Statutory Exclusion for Medicare

Is it appropriate to bill statutory excluded CPT codes to patient with a reduced Charge from the charges that you would normally bill to Medicare. Example 17110 with benign skin lesion which is considered cosmetic and as such is not covered by Medicare program (statutory exclusion). If billing to Medicare the charge would be $ 210.00 but patient has been given a voluntary ABN and she has choosen to pay for services and not bill Medicare and looses her appeal rights and since patient has choose this option, is it appropriate or legal to only charge the patient a $ 75 fee at time of service? Also if you could provide documentation supporting your answer.

Medical Billing and Coding Forum

How can an Exclusion be appealed?

I hope someone can give me incite on if a claim can be appealed.

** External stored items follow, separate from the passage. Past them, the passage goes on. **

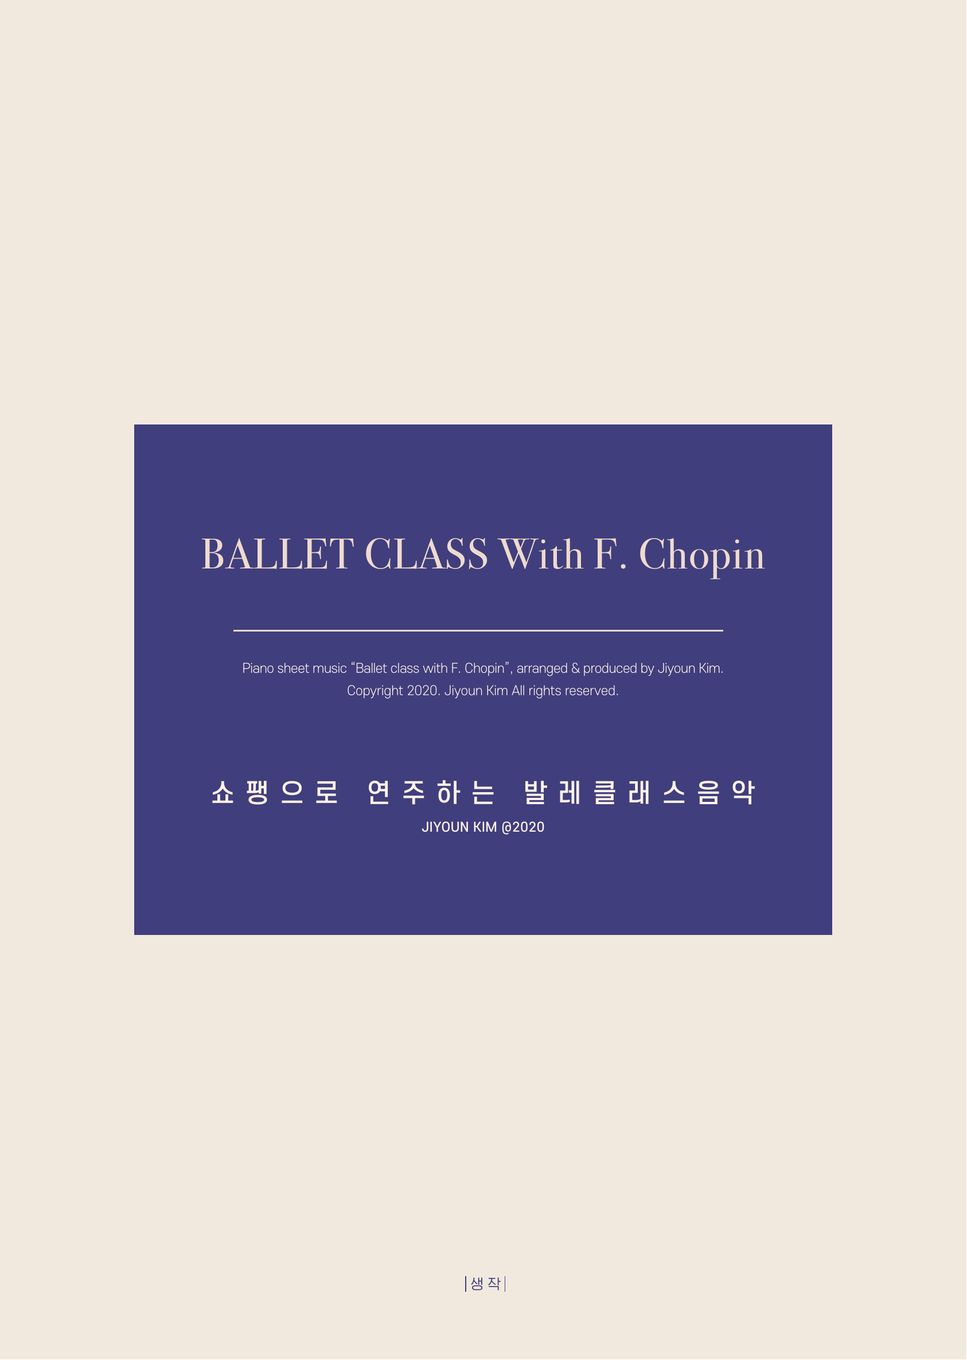 F. Chopin - Ballet Class with F. Chopin -  24. Petit allegro Ⅲ by Jiyoun KIM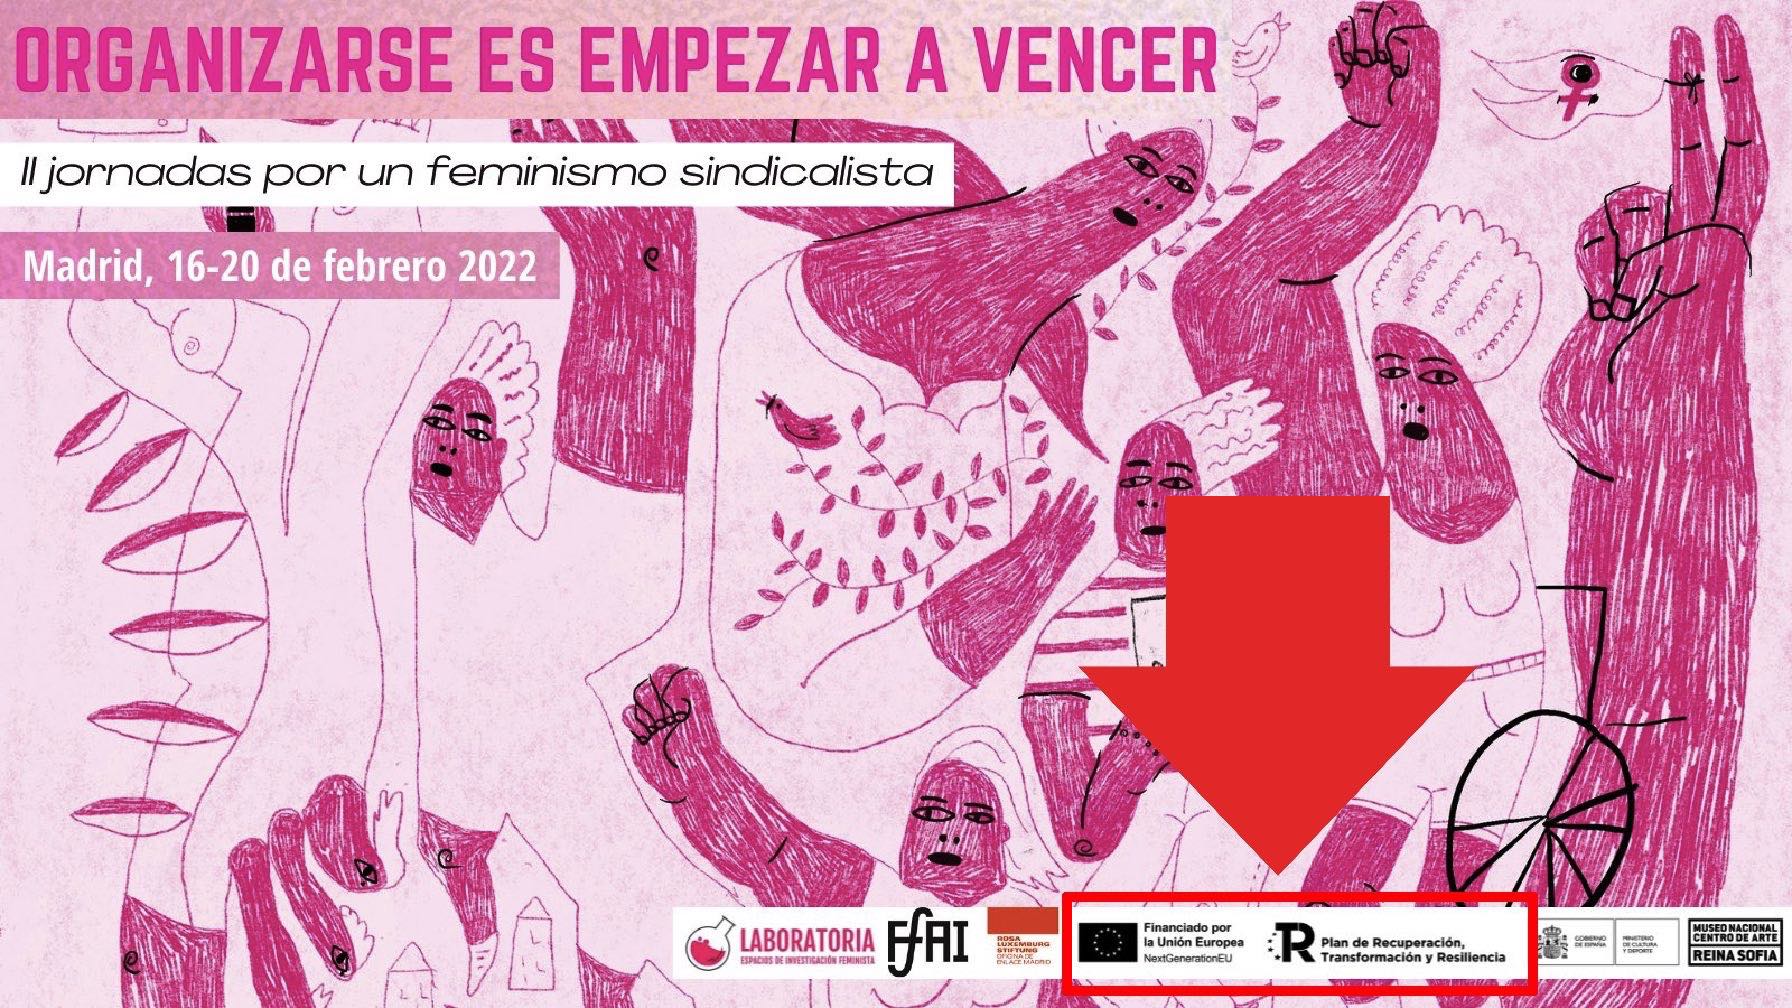 Cartel del evento sobre feminismo sindicalista.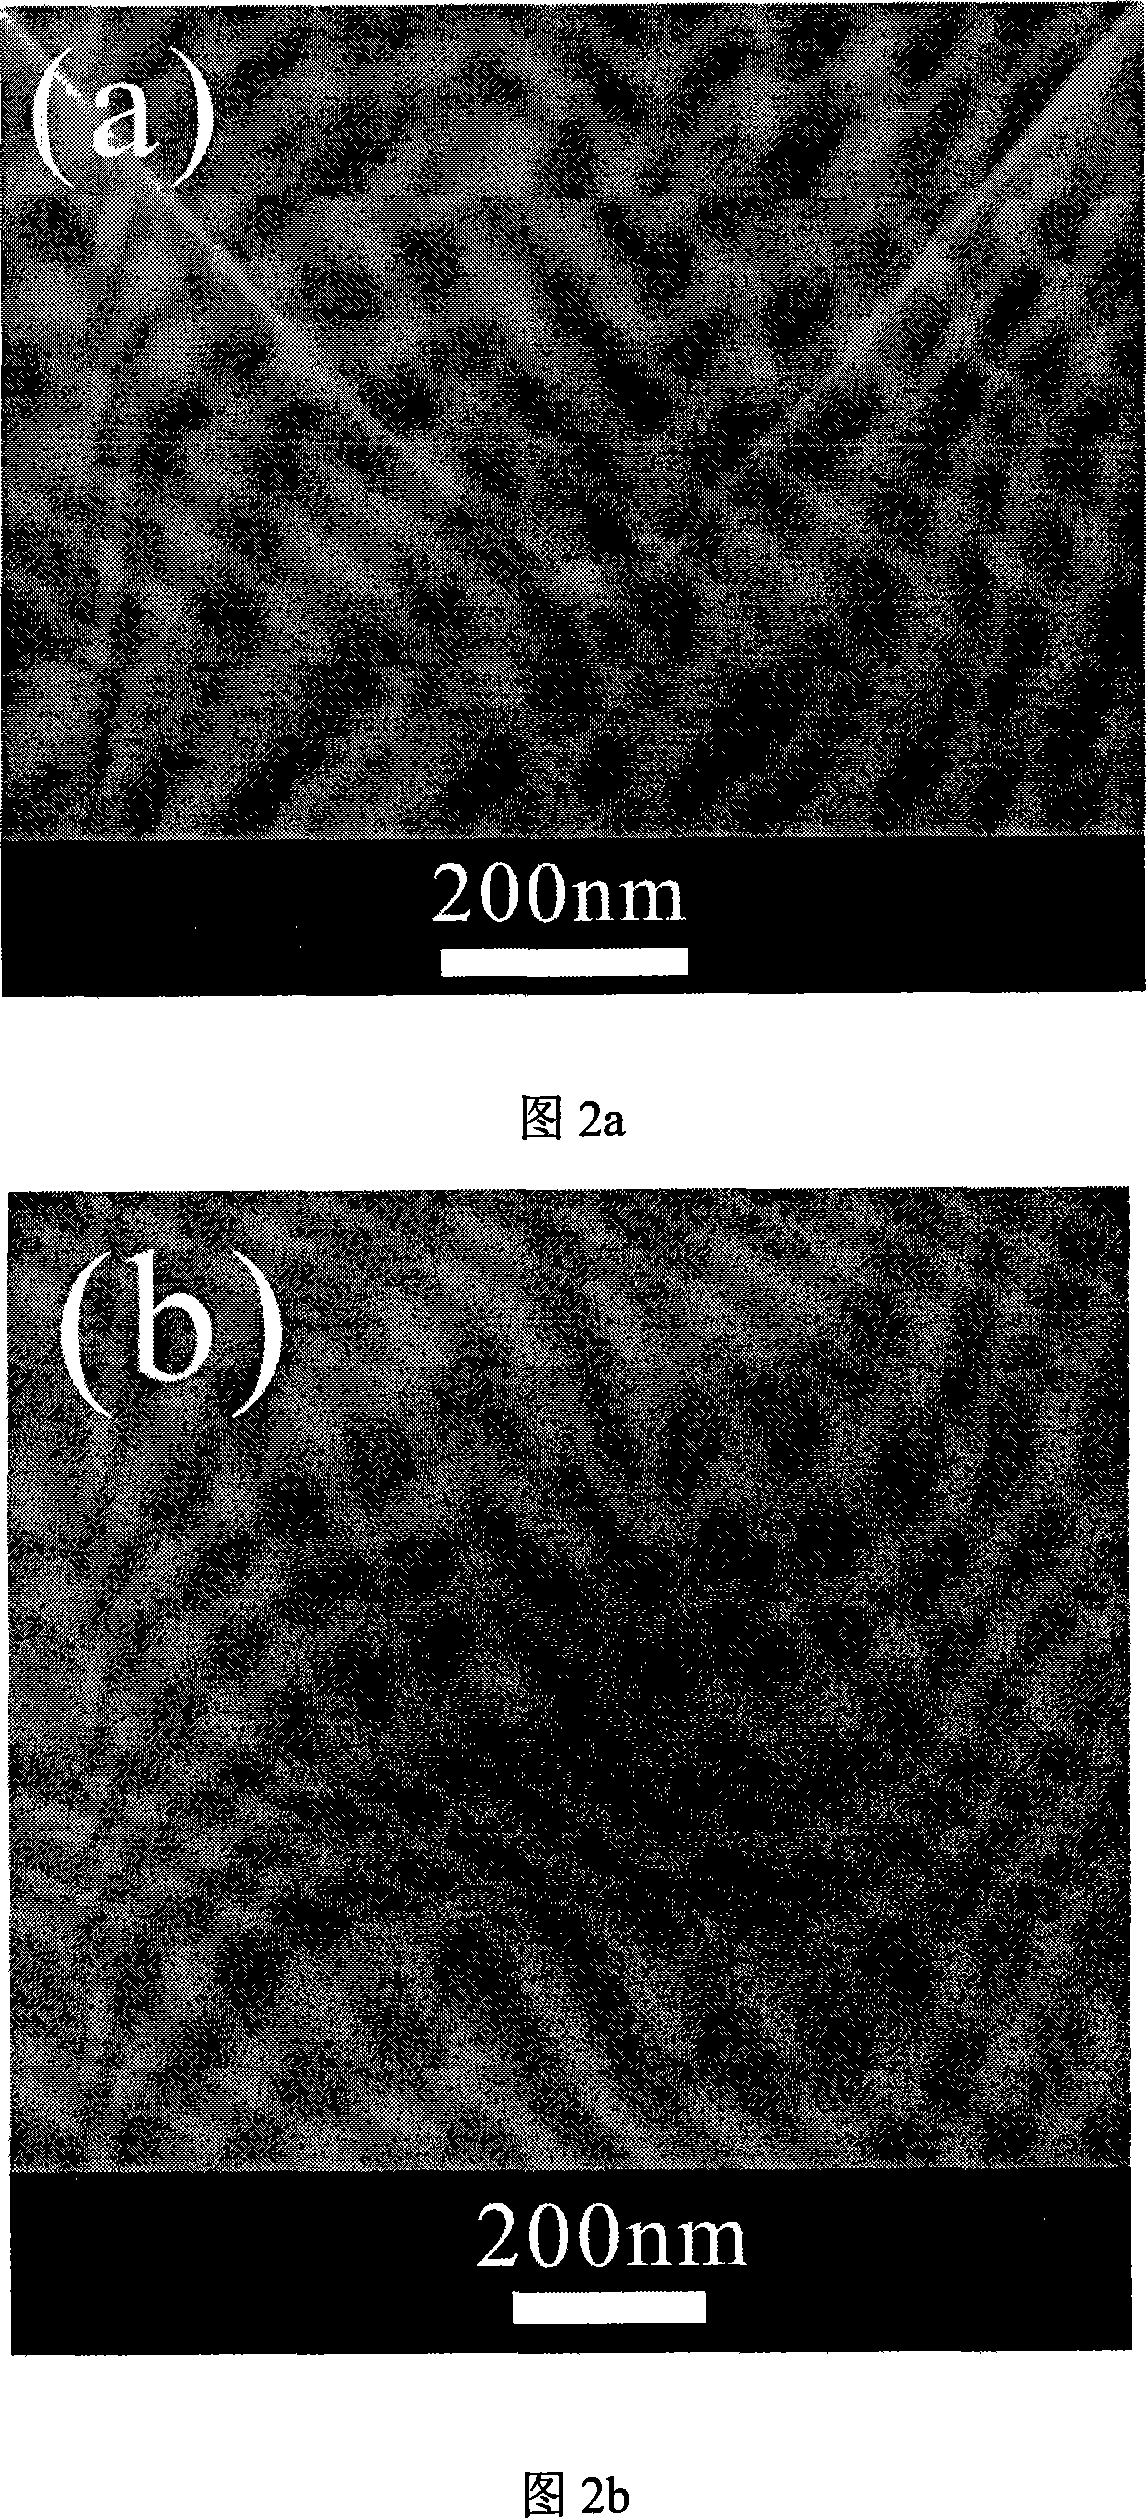 Method for preparing single nano material in pore space structure

Insurance has an exclusion clause "Joint replacement or other treatment of joints, spine, bones or connective tissue including tendons, ligaments and cartilage, unless related to a covered Injury."

Patient was at nail salon, getting nails done, bent down to get purse and had a sharp, excruciating pain. Lost control of my left leg and could not walk. Had to lean onto things and drag leg to move. Saw physician was diagnosed with sciatica, given a shot and given prescriptions for Prednisone and and Tramadol.

One week later, patient collapsed while walking, was admitted to the hospital so they could figure out what was wrong and to also manage pain, MRI found bulging discs.

Claims were denied due to no injury date, physician than reported date patient was seen in office as injury date, then claims have been denied for exclusion.

Is there a way to appeal this claim? Any help is greatly appreciated.